Using the data that follows, output only the lines from the line with "BVLGARI SERPENTI CABOCHON" up to and including the line with "Summerville Resort Orlando", exactly, leaving pictures aside.

§ Data:
::::
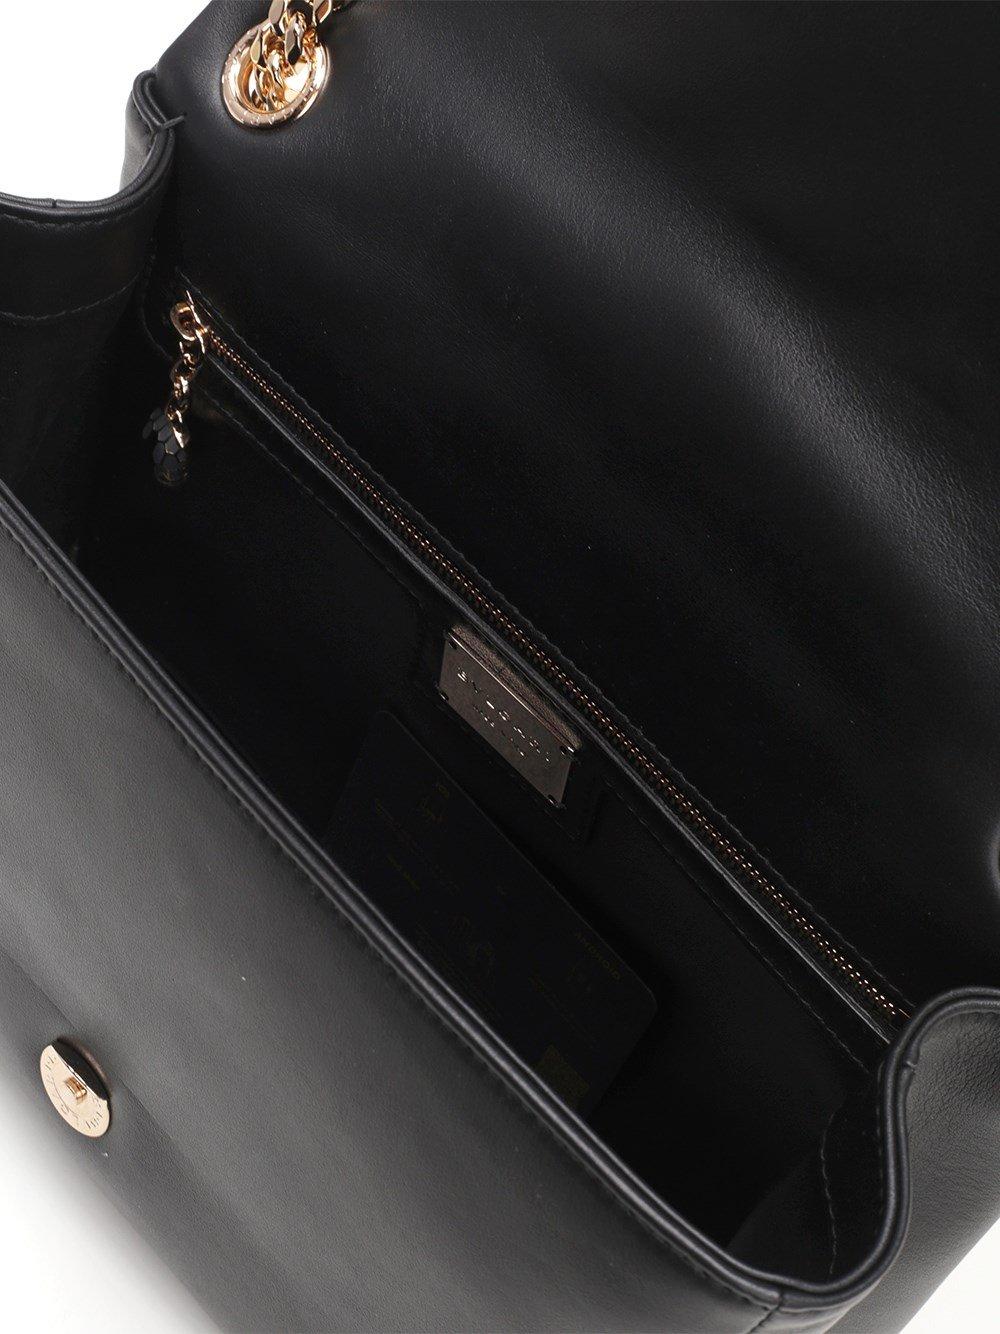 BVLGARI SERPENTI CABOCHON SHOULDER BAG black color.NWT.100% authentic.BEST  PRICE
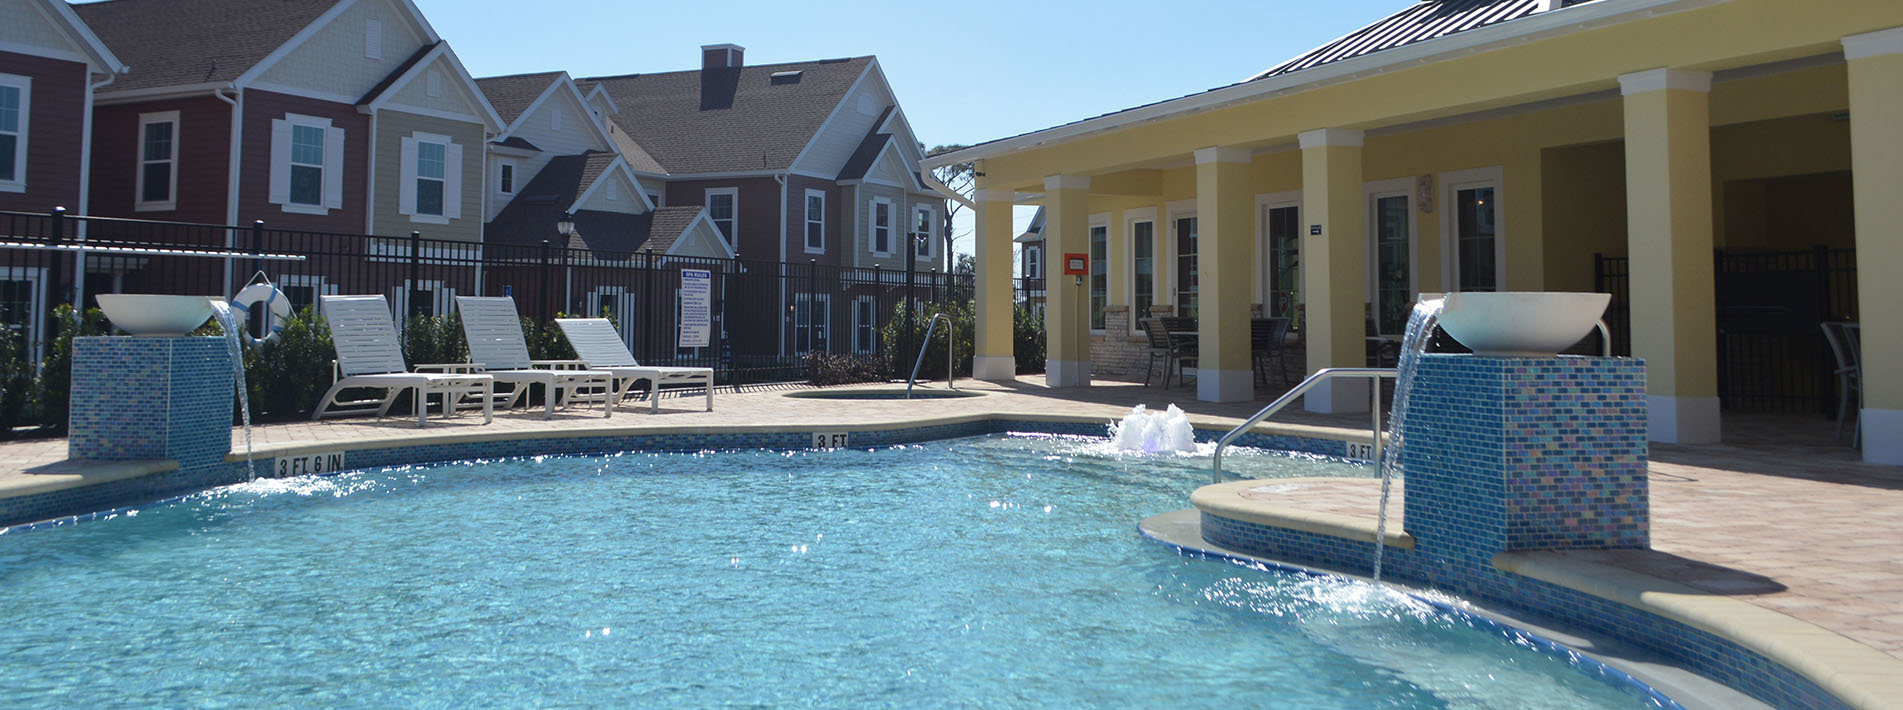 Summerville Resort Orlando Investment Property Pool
::::
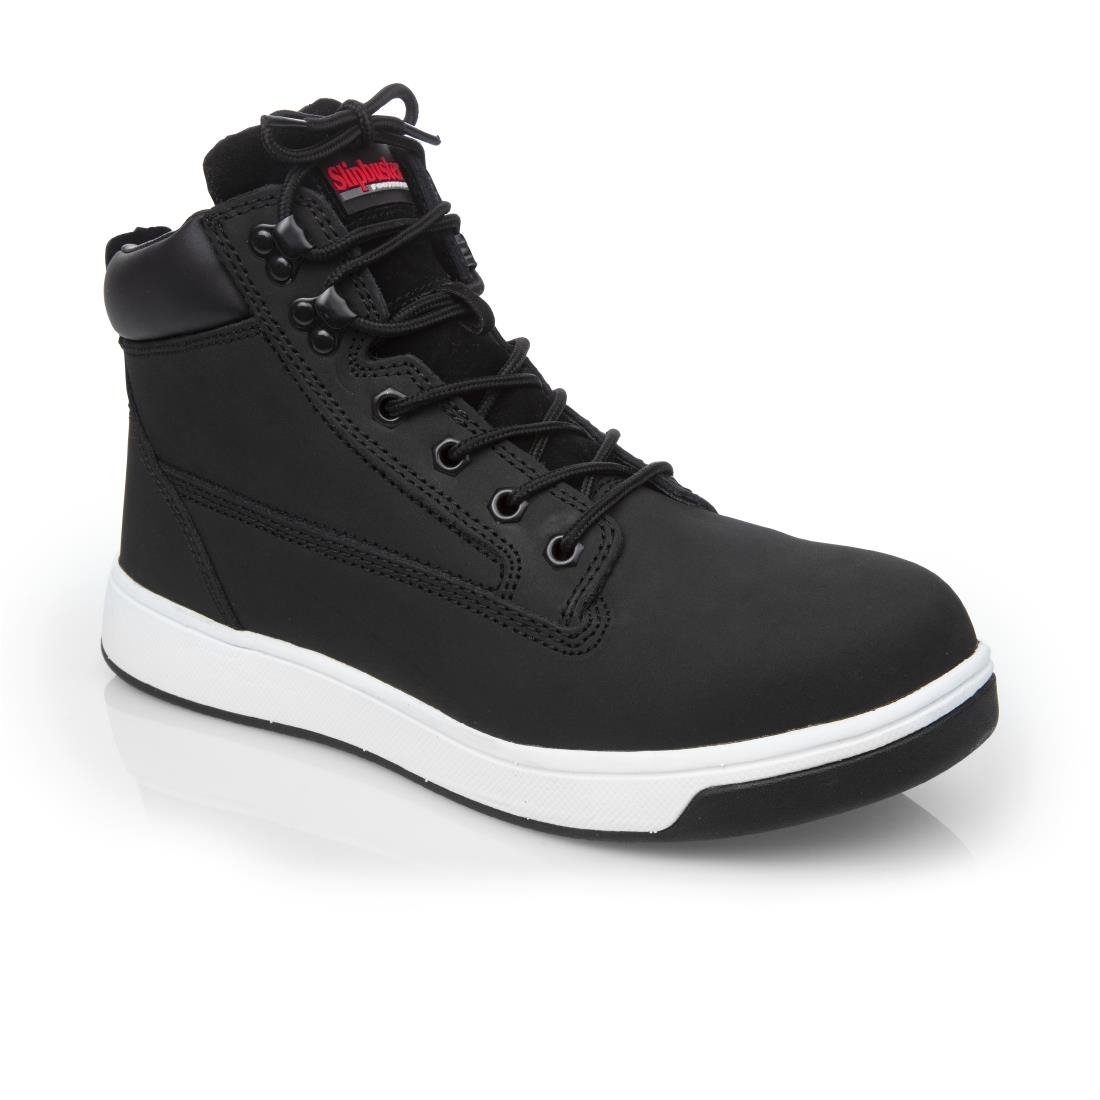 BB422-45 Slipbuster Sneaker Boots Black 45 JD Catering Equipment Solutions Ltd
::::
§ Reply to the task:
 BVLGARI SERPENTI CABOCHON SHOULDER BAG black color.NWT.100% authentic.BEST  PRICE
 Summerville Resort Orlando Investment Property Pool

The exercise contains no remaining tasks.